Based on https://www.verizon.com/support/call-filter-faqs/ and https://www.verizon.com/about/news/verizon-helps-customers-avoid-15-billion-robocalls I believe this service may be on by default for many/all Verizon Wireless customers, so in either case, it does seem this issue impacted either nearly all, or all customers.

While this endpoint only returned received calls for the specified phone number, I don’t believe that to be a major limitation on impact. For one, that’s still an immense amount of information. But also, for a targeted individual, this could stretch into a partial picture of outgoing calls as well, provided the outgoing calls were to other impacted Verizon customers.

Who is Cequint?

Interestingly, the domain name that hosts the API for this app is registered at GoDaddy, which is a bit unusual for a large company, especially one as big as Verizon.

WHOIS Data This led me to examine the domain name more closely, upon which I noticed it seemed to represent “CEQUINT VZW ECID”

VZW ECID would seem to be the Verizon Caller ID app, as the Android APK has the package name com.vzw.ecid https://play.google.com/store/apps/details?id=com.vzw.ecid&hl=en_US

But what about CEQUINT? That would seem to be a separate company.

The website http://www.cequint.com/ looks to be down, but crunchbase shows they are a telecom technology company specializing in caller ID services.

https://www.crunchbase.com/organization/cequint Cequint

As such, based on the GoDaddy registrar of the domain, and the Cequint keyword in the domain, I believe this issue may have ultimately lied in a server owned by Cequint.

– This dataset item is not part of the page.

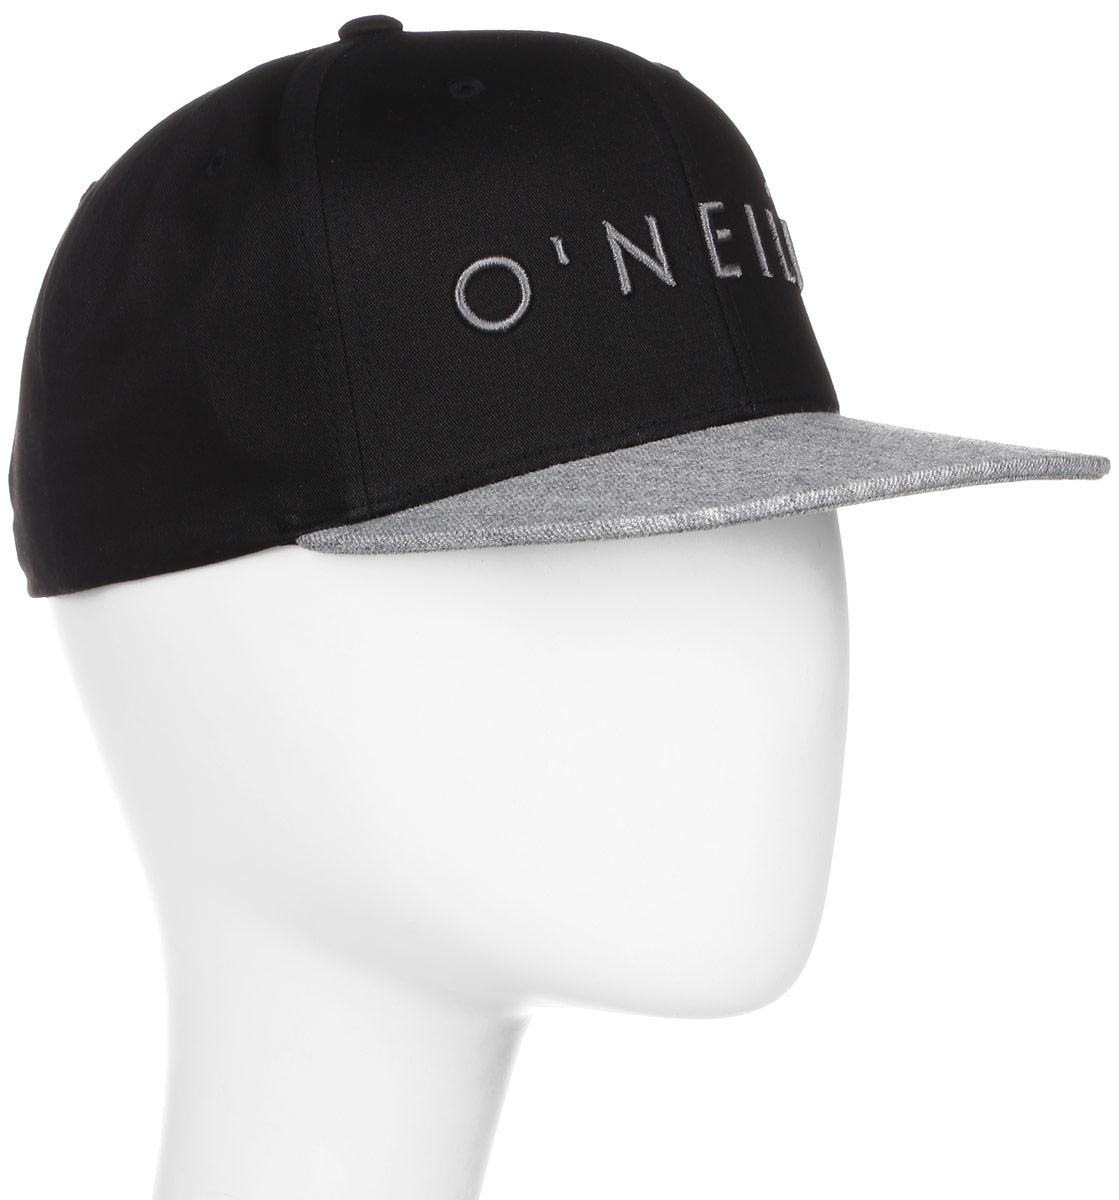 Бейсболка мужская ONeill Bm Yambo Cap, цвет: черный, серый. 7A4112-9010. Размер универсальный7A4112-9010Бейсболка ONeill станет незаменимым аксессуаром в летний сезон. Модель защитит голову от перегрева, а глаза от яркого света. Бейсболка имеет 6-панельный дизайн и плоский козырек. Верх выполнен из хлопка с добавлением полиэстера, а козырек отделан контрастной тканью из акрила с добавлением шерсти, что смотрится очень эффектно и стильно. Модель спереди дополнена вышивкой с названием бренда. Обхват головы регулируется с помощью пластикового ремешка сзади.

This does raise questions: how much data does this obscure company without a website of their own have? And how well secured is it?

Timeline

2/22/2025 - Discovered the issue and reported to Verizon
2/24/2025 - Acknowledgment from Verizon of my report
3/23/2025 - I requested an update as this appeared to me to be fixed
3/25/2025 - Confirmation from Verizon that issue is resolved

I do want to credit Verizon for a quick response and fix. While I don’t have the exact date they fixed this issue, I believe it was sooner than when I retested the issue and noted on my side that it looked to be resolved. They were also prompt to acknowledge my report.